MIShMASh (MIcrobiome Sequence and Metadata Availability Standards) is a Python 3 package to download and evaluate sequence data and metadata associated with publications. It enables programmatic access to literature on PubMed Central and to data on the Sequence Read Archive (and other INSDC databases). Users can easily assess the openness of publication data and obtain said data for themselves.
Use the package manager pip
to install MISHMASH and its dependencies.
pip install git+https://github.com/bokulich-lab/mishmash.git
MIShMASh provides two main commands to evaluate sequence and metadata reporting in publications.
To classify the quality of sequencing data reporting, run assess_sequences
:
mishmash assess_sequences \
--pmc_list \
--output_file
where:
--pmc_list
is space-separated list of PubMed Central IDs to search for associated INSDC accession IDs e.g. the PMC ID PMC6240460 for the 2017 article by Naymagon et al.--output_file
specifies the output file to write the analysis to.
An alternative to --pmc_list
is the flag --pmc_input_file
, which takes the full path to a file containing accession IDs. This should be a text file containing a single ID per line.
To retrieve metadata associated with a sequence record from an INSDC (e.g. SRA, DDBJ, ENA) database, run assess_metadata
:
mishmash assess_metadata \
--email \
--accession_list \
--output_file
where:
--email
is your email address (required by NCBI).--accession_ids
is a space-separated list of accession IDs to retrieve metadata for. These can be BioProject, BioSample, BioExperiment, or likewise accession IDs that are used within INSDC interfaces e.g. the BioProject ID PRJNA607574 for the collection of samples uploaded by the Memorial Sloan Kettering Cancer Center.--output_file
specifies the output file to write the retrieved metadata to.
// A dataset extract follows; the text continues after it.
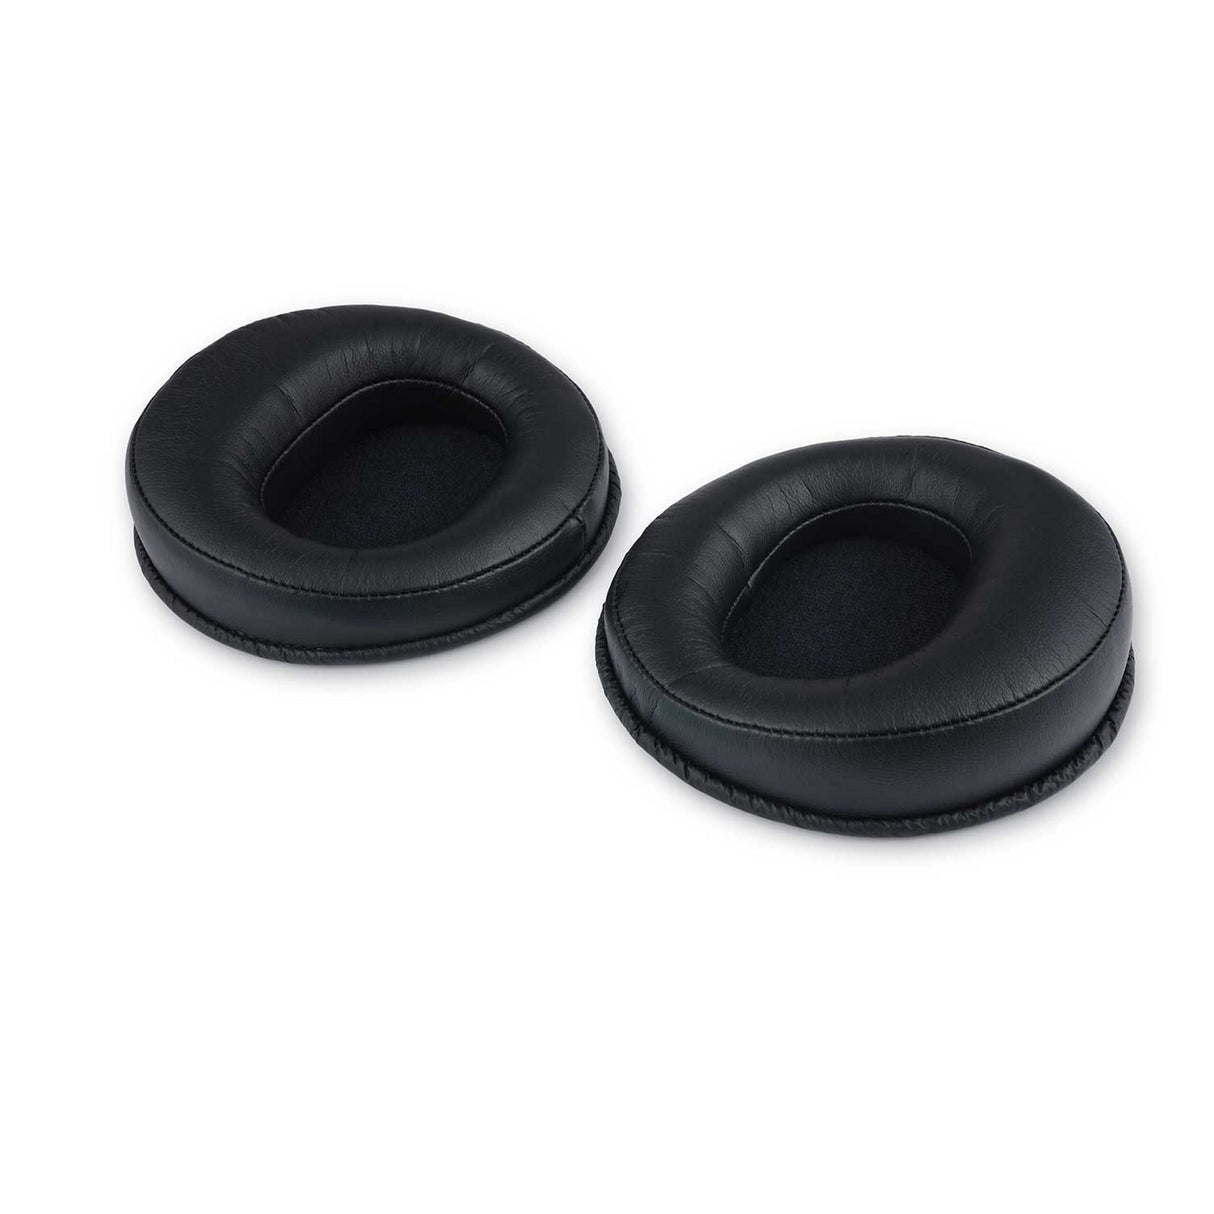 Fostex EX-EP-61 Replacement Ear Pads for TH-610

Optional parameters to assess_metadata
include:
--n_jobs
: an integer value for number of threads in parallelization--verbose
: a flag to print intermediate process outputs to standard output; use in debugging
This module generates a comma-separated file with the following information:
- PMC ID: Input PubMed Central ID for query
- Sequence Accessibility Badge: Bronze, Silver, or Gold (or "Cannot be determined") as an evaluation of the accessibility of sequencing data from the paper
- INSDC Accessions Numbers: Accession numbers corresponding to the sequencing data uploaded to INSDC databases
- INSDC Database: Database associated with the uploaded sequencing data i.e. SRA, ENA, or DDBJ
- Number of Sequence Records: Total number of sequencing records (INSDC Runs) associated with the input article
- Primer Sequences: If an amplicon-based study, sequences of primers used to amplify variable regions for sequencing; output as a comma-separated string
- Sequencing Method: Probability of sequencing method as either amplicon- or shotgun-based; output as a dictionary
- Includes Code: True/False whether a code repository has been found for the paper
- Code URL: Links to code repositories found in paper; output as a list of strings
Your local Internet connection may be unstable. If the following error arises, simply relaunch your command.
The download URL https://eutils.ncbi.nlm.nih.gov/entrez/eutils/efetch.fcgi?db=pmc&id=PMC10913621 is likely invalid.
Traceback (most recent call last):
File "/.venv/test_mm_3/bin/mishmash", line 8, in <module>
sys.exit(main())
^^^^^^
File "mishmash/mishmash/cli.py", line 75, in main
output_df = args.func(args)
^^^^^^^^^^^^^^^
File "mishmash/mishmash/scrape_pdf.py", line 370, in analyze_pdf
scrape_objects = [
^
File "mishmash/mishmash/scrape_pdf.py", line 371, in <lambda>
x for x in filter(lambda el: not el.contains_blocking_comment(),
^^^^^^^^^^^^^^^^^^^^^^^^^^^^^^
File "mishmash/mishmash/scrape_pdf.py", line 96, in contains_blocking_comment
return _contains_blocking_comment(self.get_xml())
^^^^^^^^^^^^^^^^^^^^^^^^^^^^^^^^^^^^^^^^^^
File "mishmash/mishmash/scrape_pdf.py", line 38, in _contains_blocking_comment
for element in content(string=lambda text: isinstance(text, Comment)):
^^^^^^^^^^^^^^^^^^^^^^^^^^^^^^^^^^^^^^^^^^^^^^^^^^^^^^
TypeError: 'int' object is not callable
To set up a development environment, use Poetry.
pip install poetry
poetry install
Test the code by running
poetry run pytest
MIShMASh is released under a BSD-3-Clause license. See LICENSE for more details.